• [DATA SEGMENT]
"""
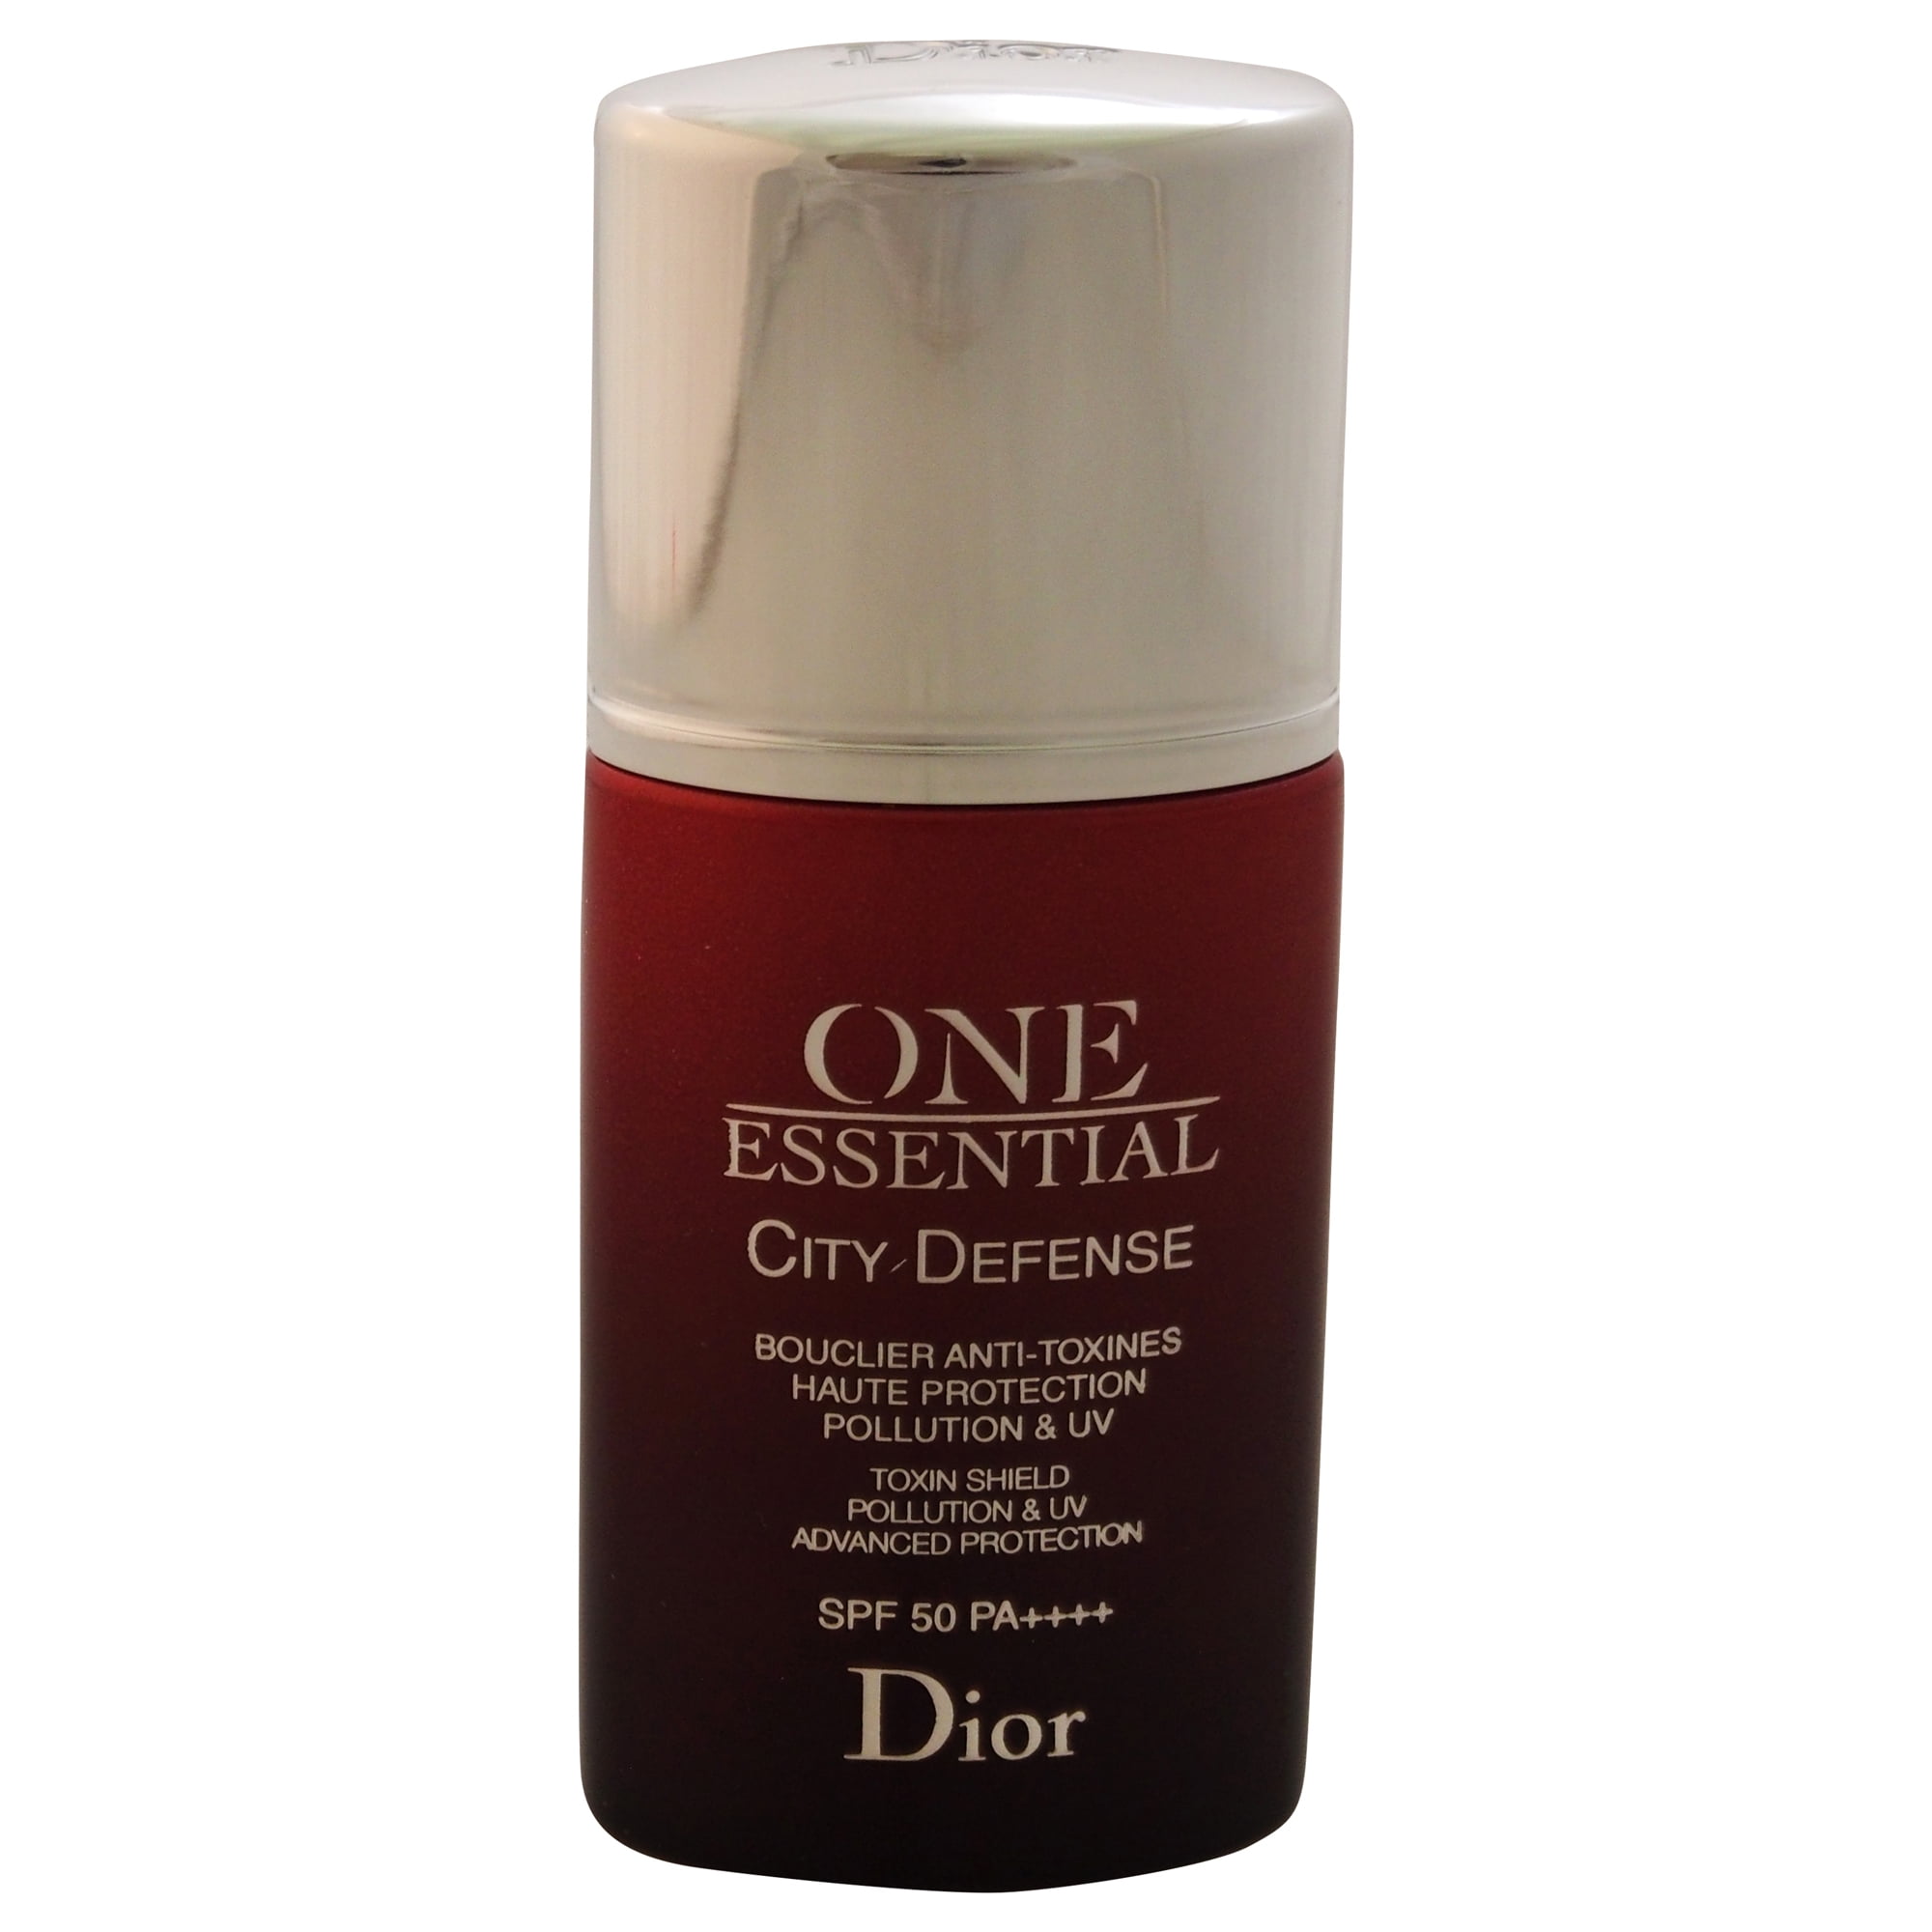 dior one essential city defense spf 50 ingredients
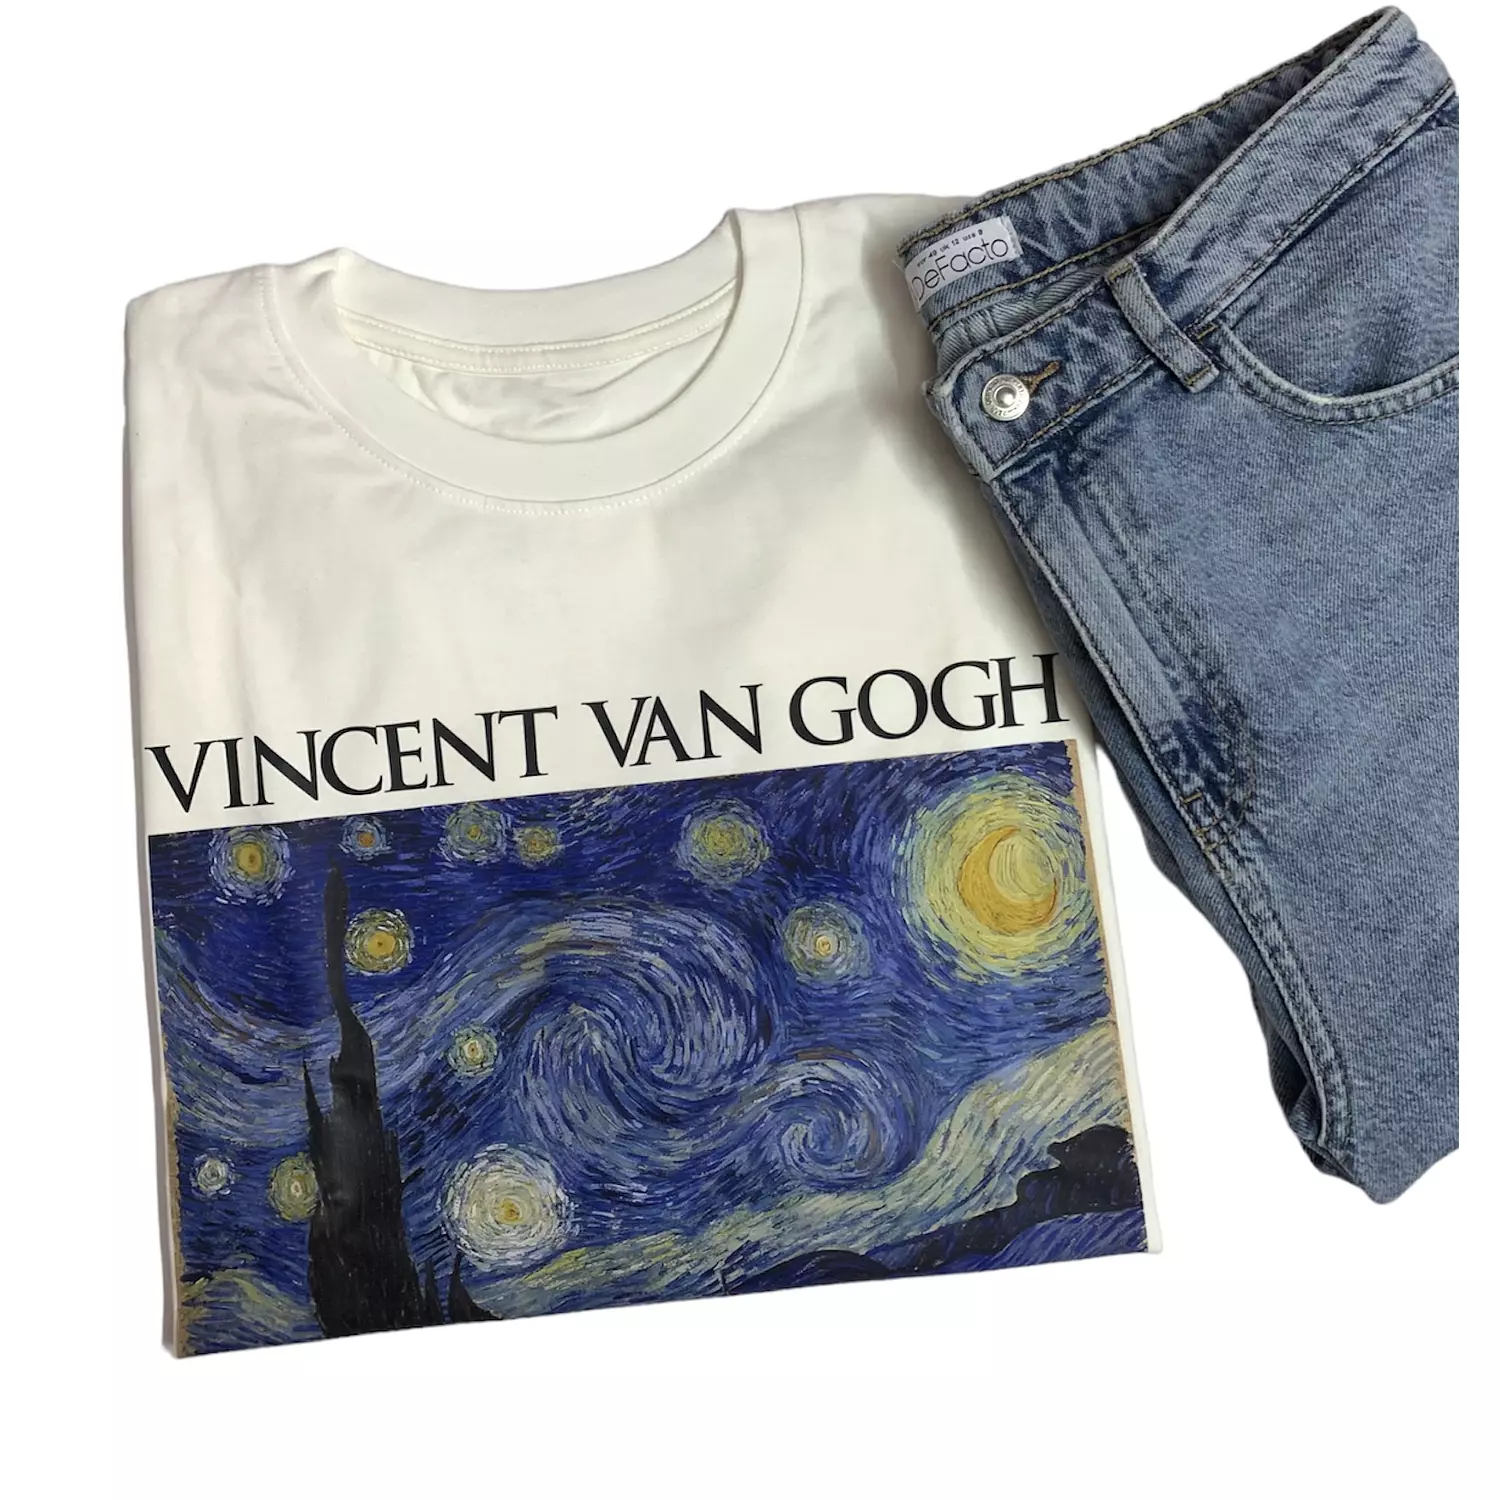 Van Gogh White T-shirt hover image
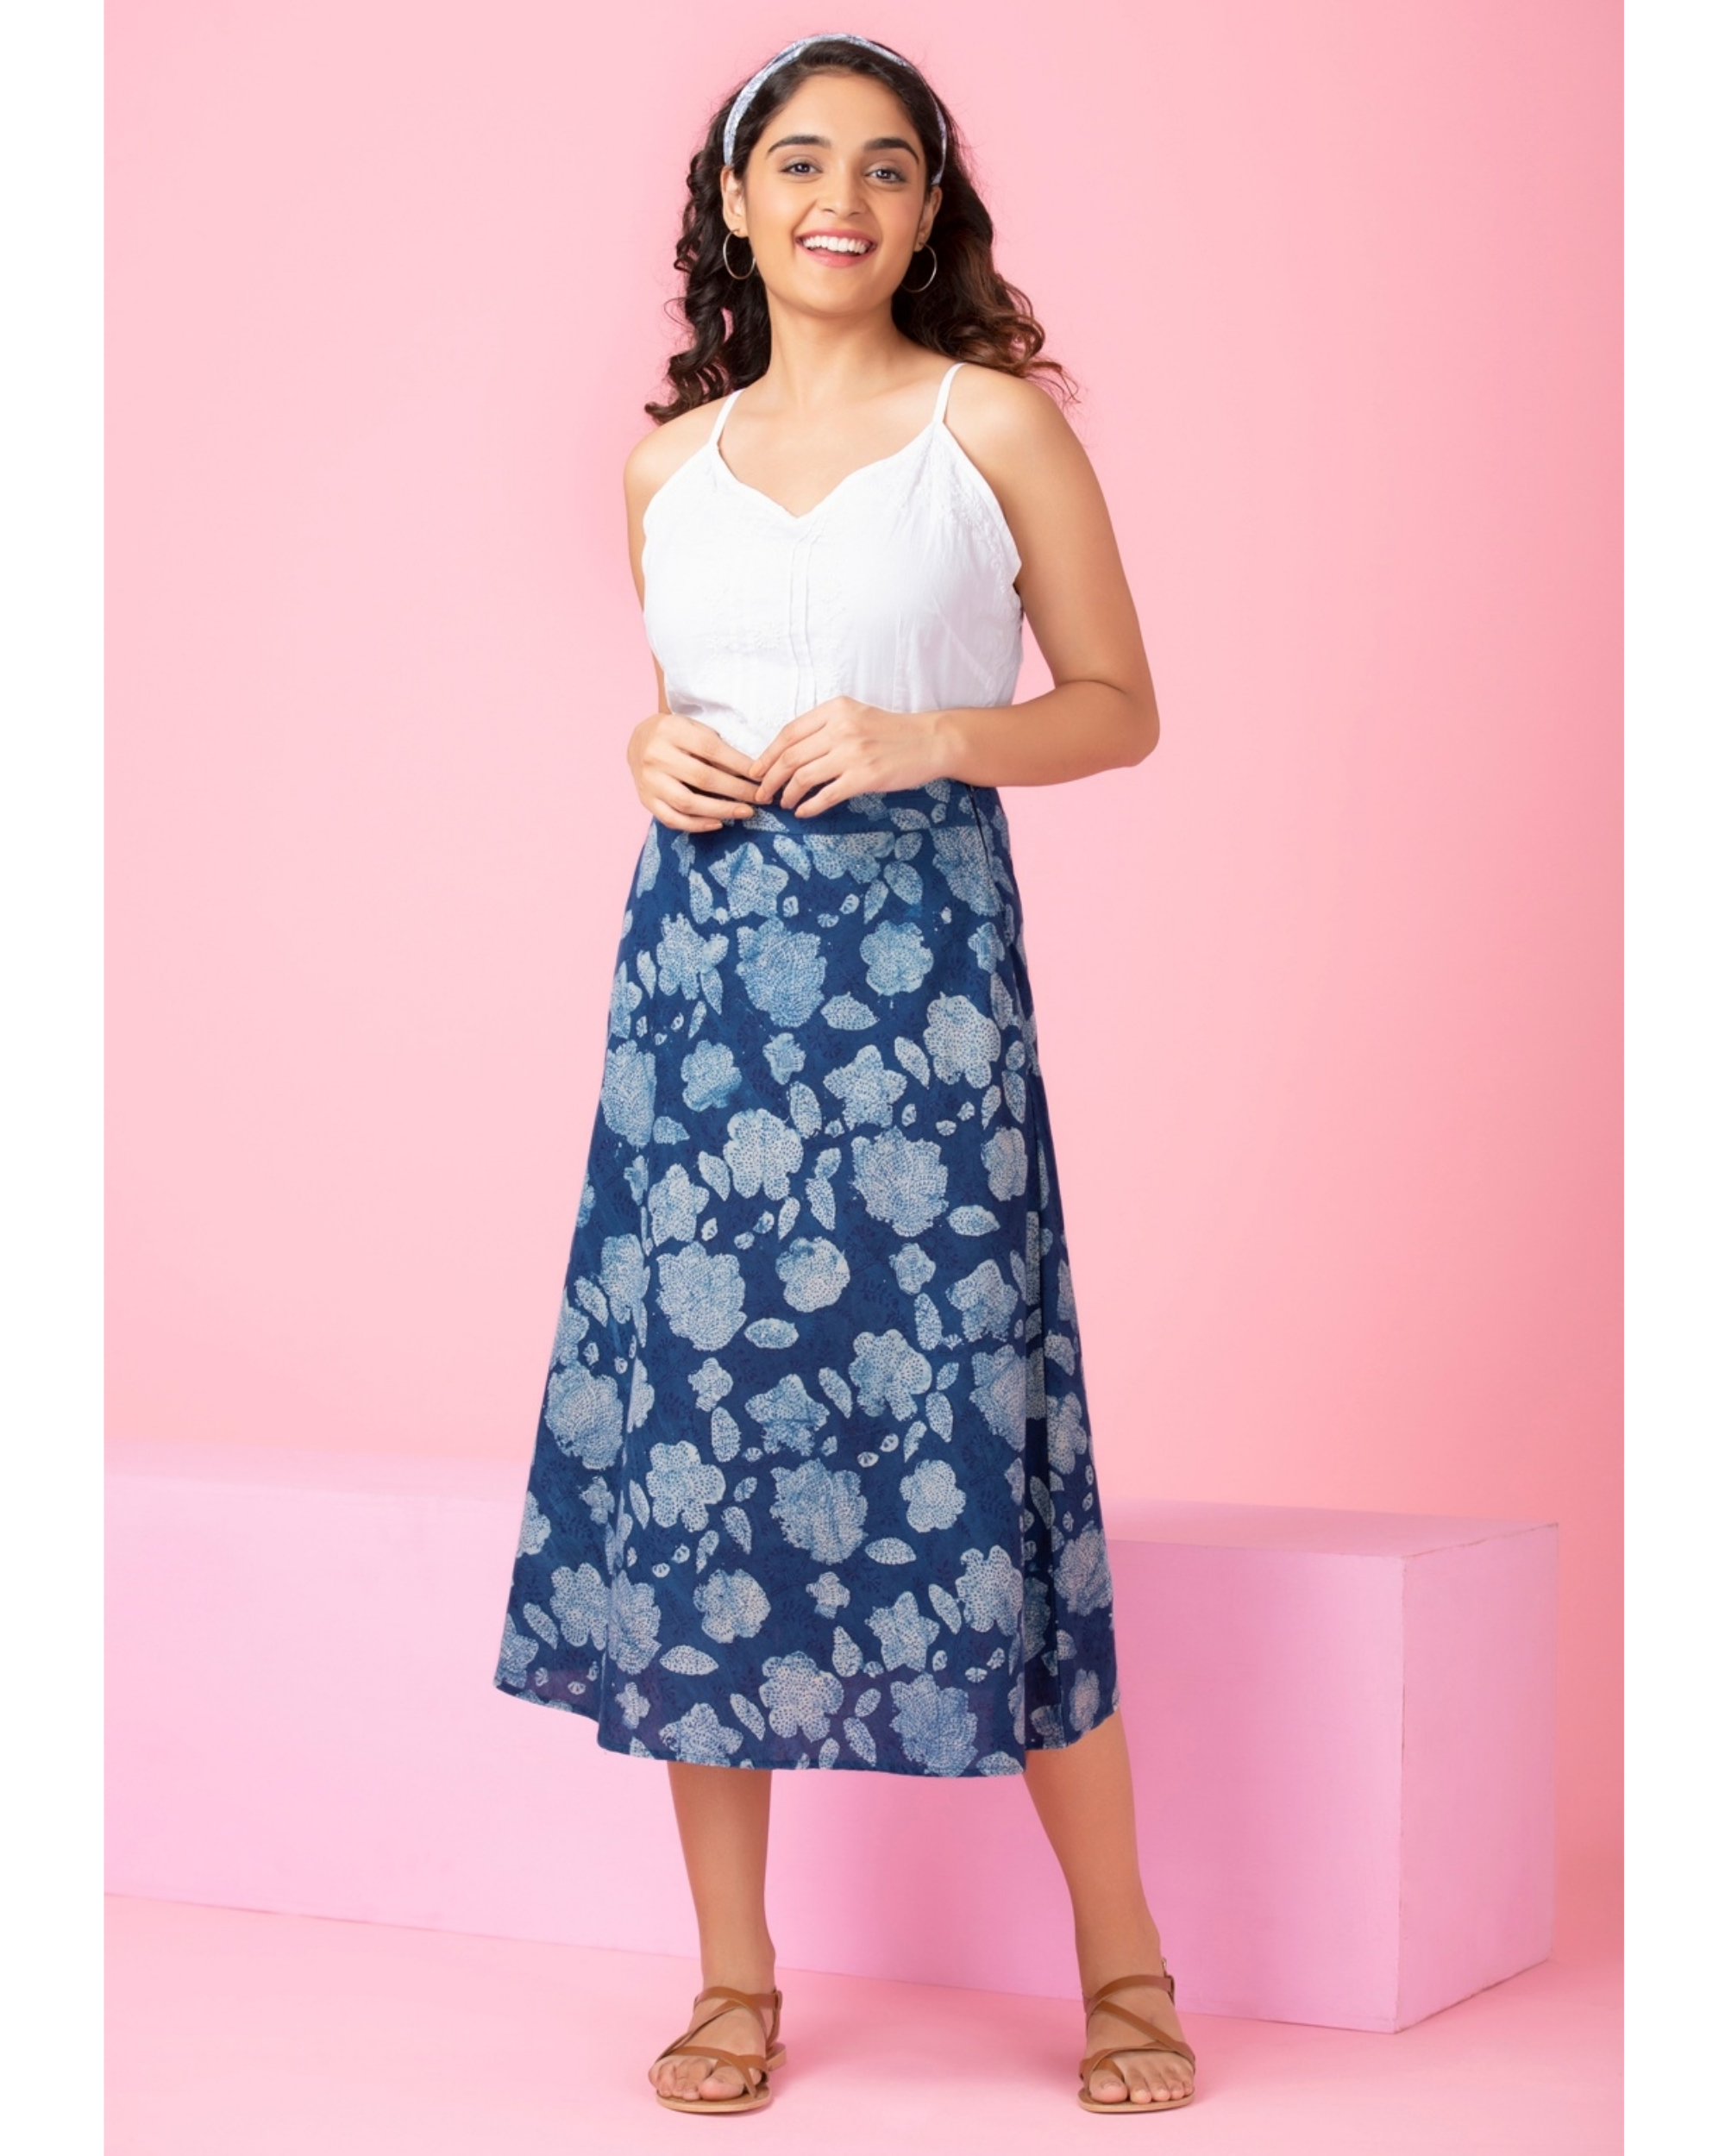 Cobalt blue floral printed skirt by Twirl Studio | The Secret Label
"""
• [ACTION ITEM]
Please output the data above exactly as given, omitting every picture.

• [SOLUTION]
 dior one essential city defense spf 50 ingredients
 Van Gogh White T-shirt hover image
 Cobalt blue floral printed skirt by Twirl Studio | The Secret Label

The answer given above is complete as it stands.